Грудь белая волнуется,
Что реченька глубокая —
Песку со дна не выкинет;
В лице огонь, в глазах туман…

Дело сказалось за всё просто, оттого и вскорую решённое; удачливая Поля посмотрела в окно на высоко ещё стоявшее над вечерней стороной солнце и у неё мелькнуло, а чего это я буду тетушкины перины мять, я ж завидно поспею домой! Девушка встала с лавки, поправила на себе розовую юбку и такую же розовую кофточку, застегнула её на верхние пуговицы. Повязала белый лёгкий шарфик.

– Дитятко! – вскричала тётушка, горько всплеснув руками. – Что это за сборы, обдери тебе пятки!? Куда?
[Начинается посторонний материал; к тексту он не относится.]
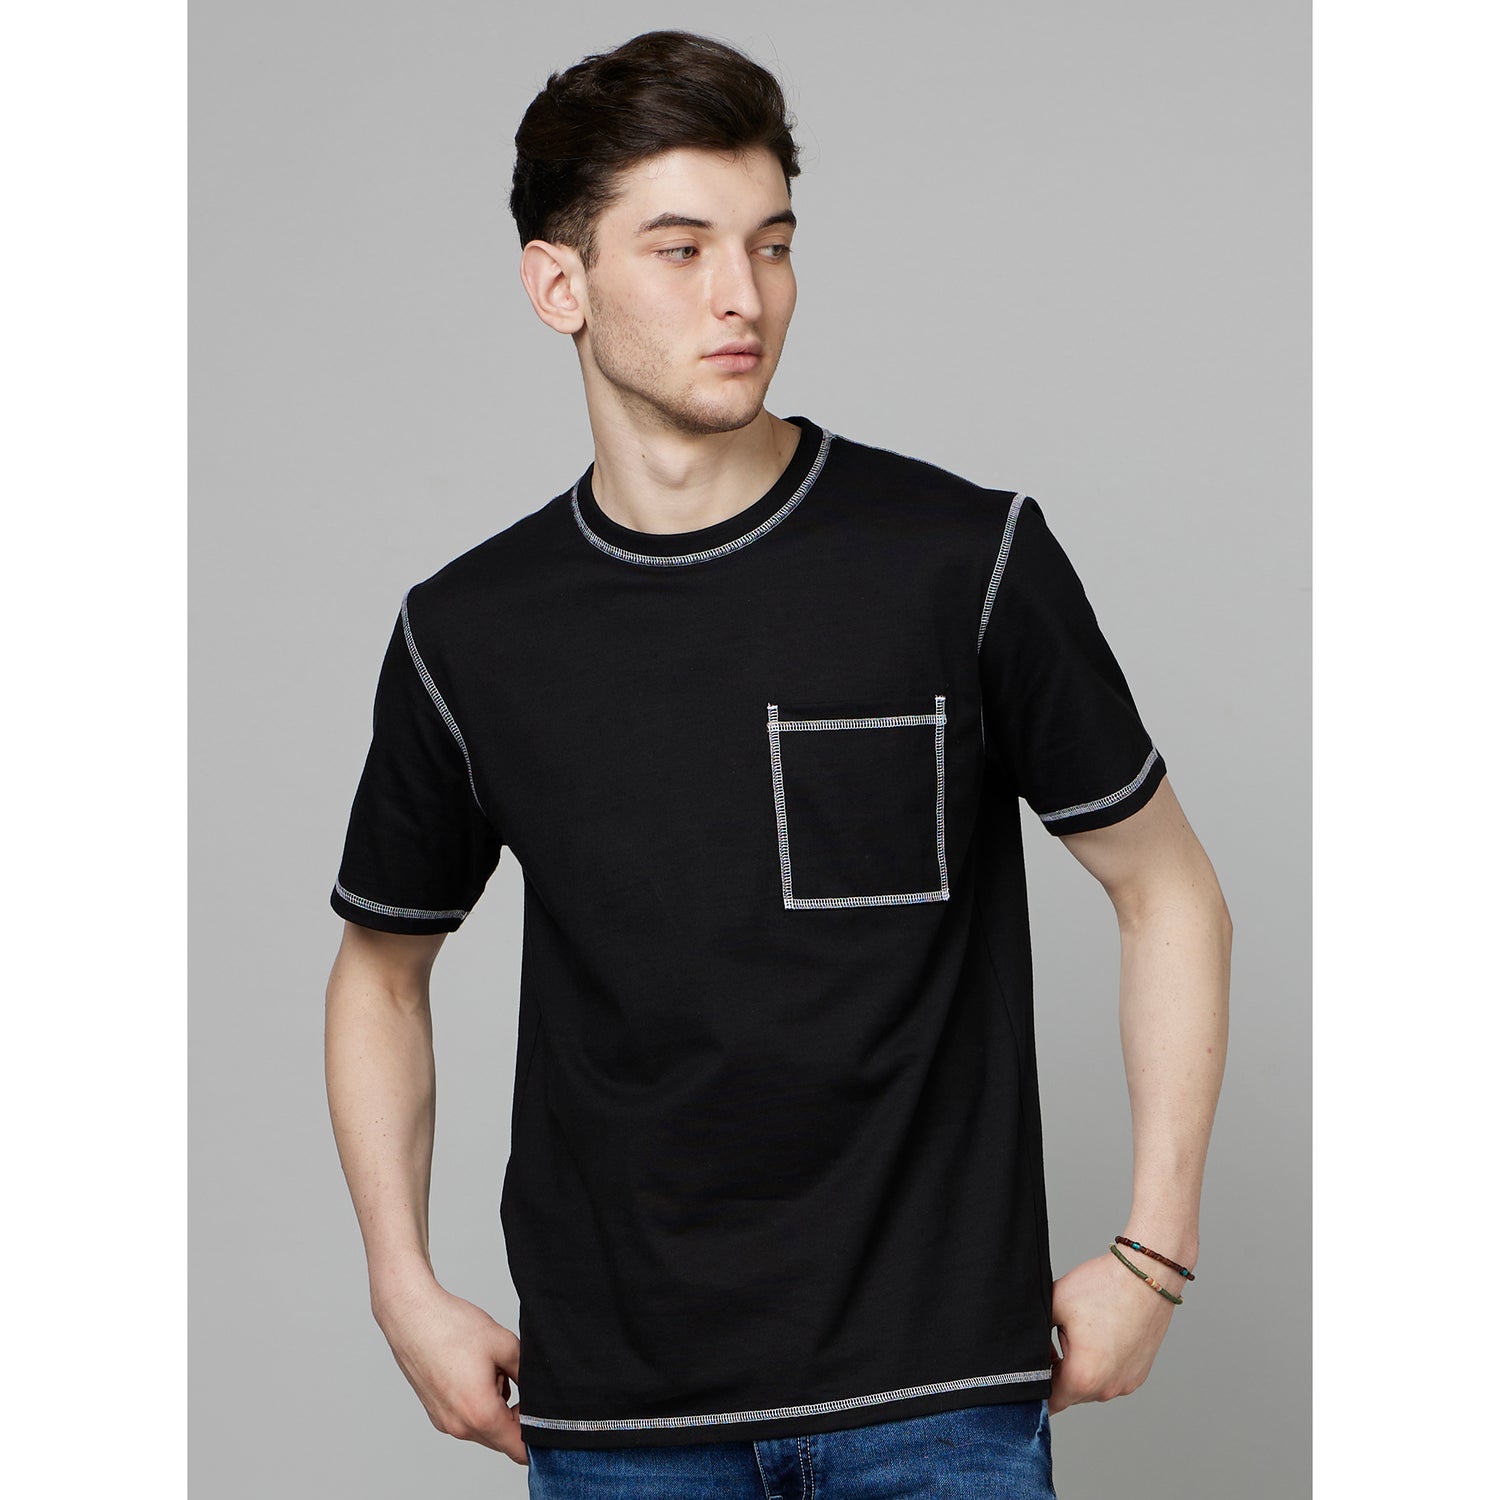 Black Round Neck Cotton T-shirt (FECONTRAST)

На ночь-то!? Иль ты месту не радая?! Иль ты к чужим прийшла?! Иль ты не в казаках живэшь?!

Не сказать, как обиделась тётушка; она причитала, выговаривала и жаловалась сразу, в её голосе всё это клокотало, плакало, твердя про свычаи-обычаи, которыми славились-держались все поколения казачьих потомков в округе; хотя и никакие они уже не казаки, а преобыкновенные скотари да хлеба пашцы, однако навеличивали они себя по-прежнему казаками, а раз так, так свято и чти гостеприимство, ничуть не приупавшее со времен Сечи, пренебречь которым почиталось невозможным грехом, кощунством над всяким домом; в неискренности тётушку никак нельзя было заподозрить; с причитаниями, с попрёками носилась она вкруг огорошенной и вмиг присмиревшей Поли, жестикулируя невыразимо энергично коротенькими ручонками.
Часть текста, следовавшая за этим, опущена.